SpeakClean is a macOS menu bar app inspired by Typeless, scoped down to the one workflow I actually use: hold a hotkey to dictate, release to paste cleaned text into the active app. Mic audio is transcribed on-device with Apple’s SpeechAnalyzer, and the transcript is rewritten by a locally-served Gemma 4 E2B (via Ollama) to strip filler words. That’s the whole app — no feature parity with Typeless intended, no network calls, no API keys, no subscription.

Architecture

Things I wanted but didn’t ship

Learnings

1. Prompt caching still helps when the model is resident

Ollama keeps the Gemma weights in memory across requests, but that alone didn’t give me the latency I wanted. Reusing a stable cached prefix (system prompt + dictionary) on each request made a noticeable difference on top of that. “Model loaded” and “prompt cached” aren’t the same thing.

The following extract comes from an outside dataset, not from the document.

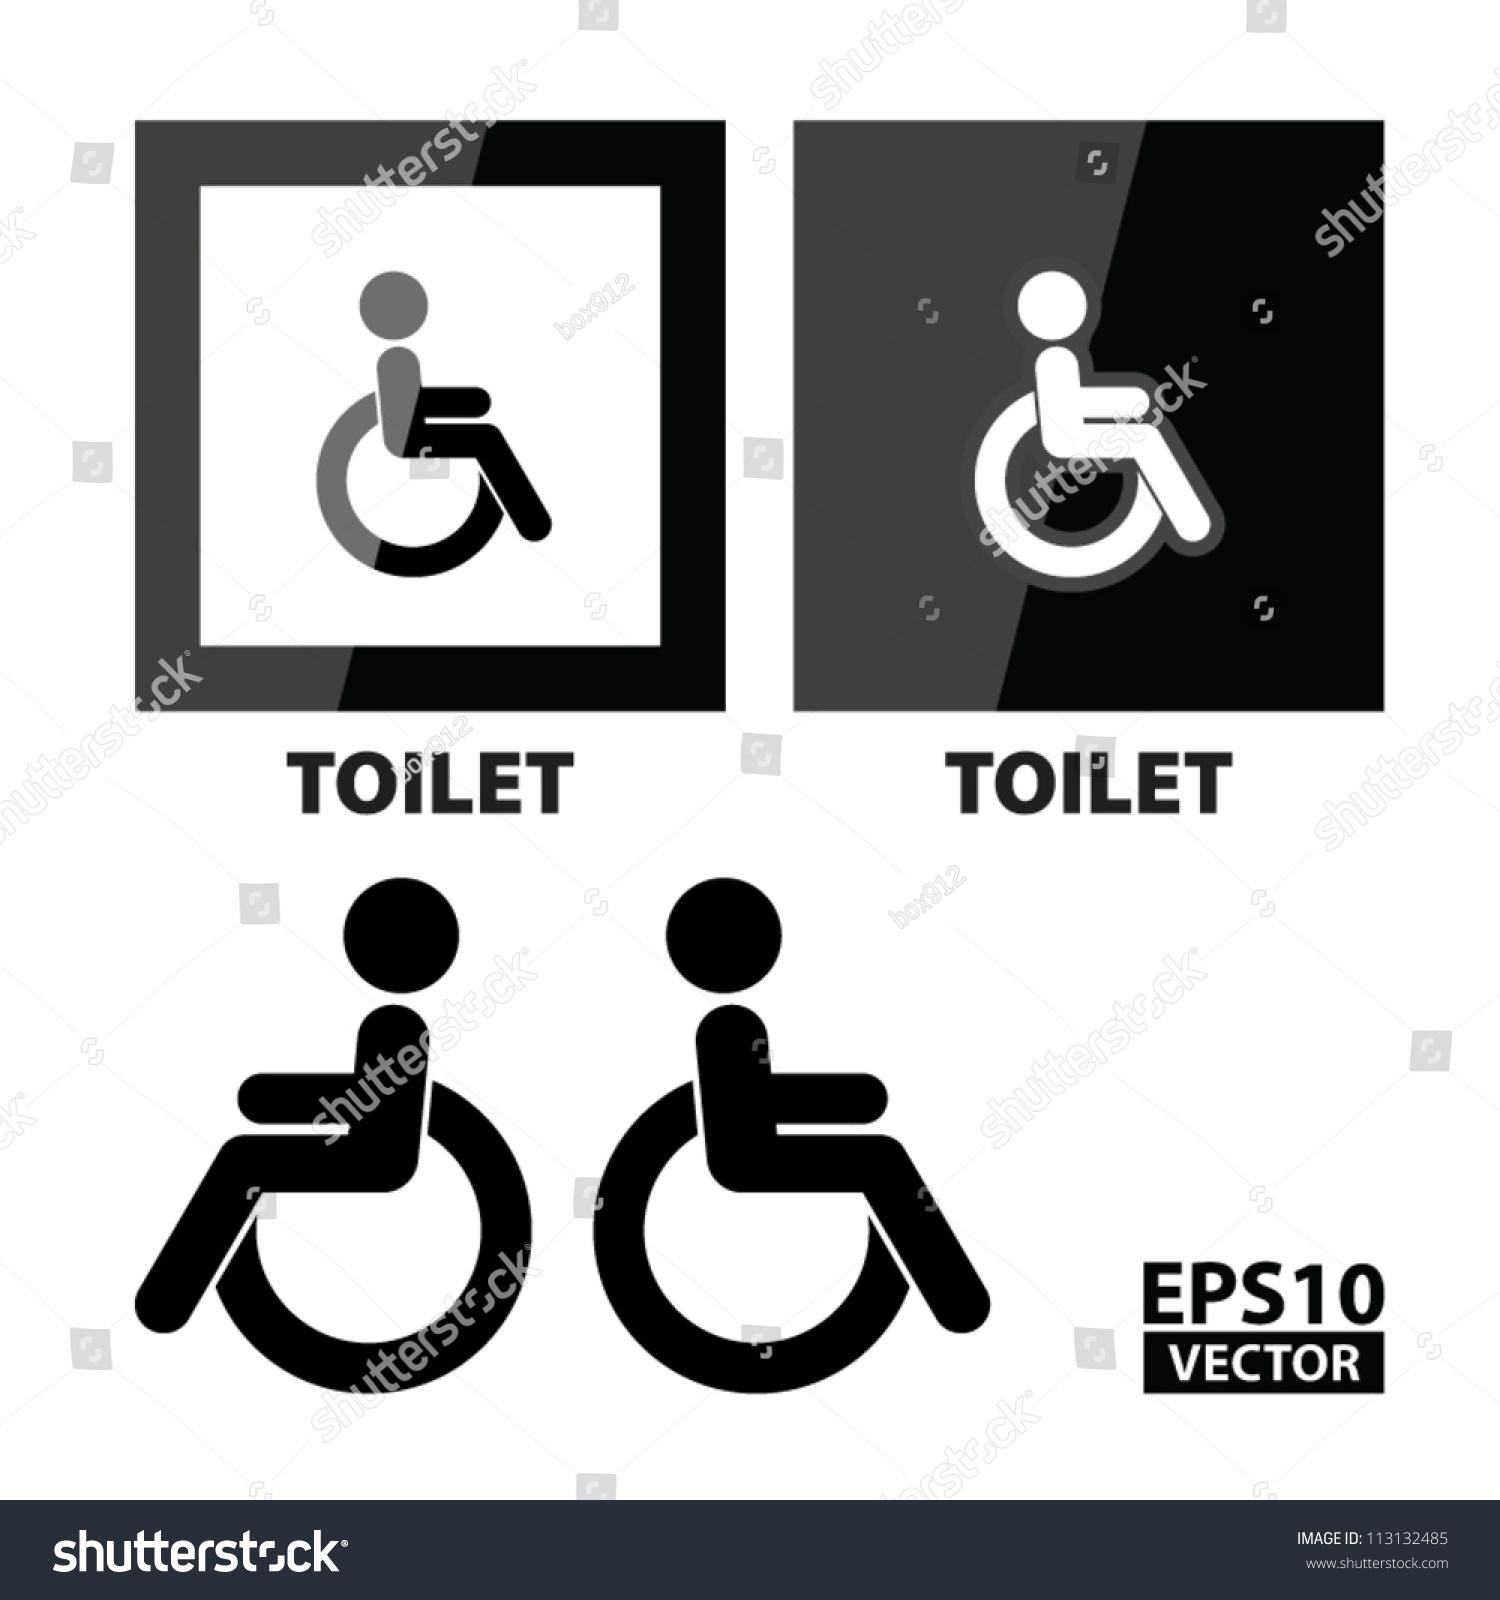 Eps10 Vector Black Square Handicap Toilet Stock 113132485

2. Claude Code is weak on macOS / Swift API domain knowledge

It often confidently asserts the wrong thing for AppKit-level specifics and then writes code against its (wrong) mental model.

The clearest example in this project: listening for a global shortcut on macOS needs Accessibility permission, not Input Monitoring. The agent kept reaching for Input Monitoring and burned a long debugging loop around a permission that wasn’t the actual problem. Web search didn’t surface the fix either. I had to work it out by hand.

3. Agent coding can’t automate OS-interaction testing yet

A lot of the bugs only surfaced through real interaction — pressing the shortcut from different foreground apps, recording for different durations, checking that the pasted text actually lands in the right field. The agent can run swift test, but it can’t hold down a key, speak into a mic, or verify what ended up in Notes. Manual testing was the tight feedback loop for this project, and that shapes how the work divides between me and the agent.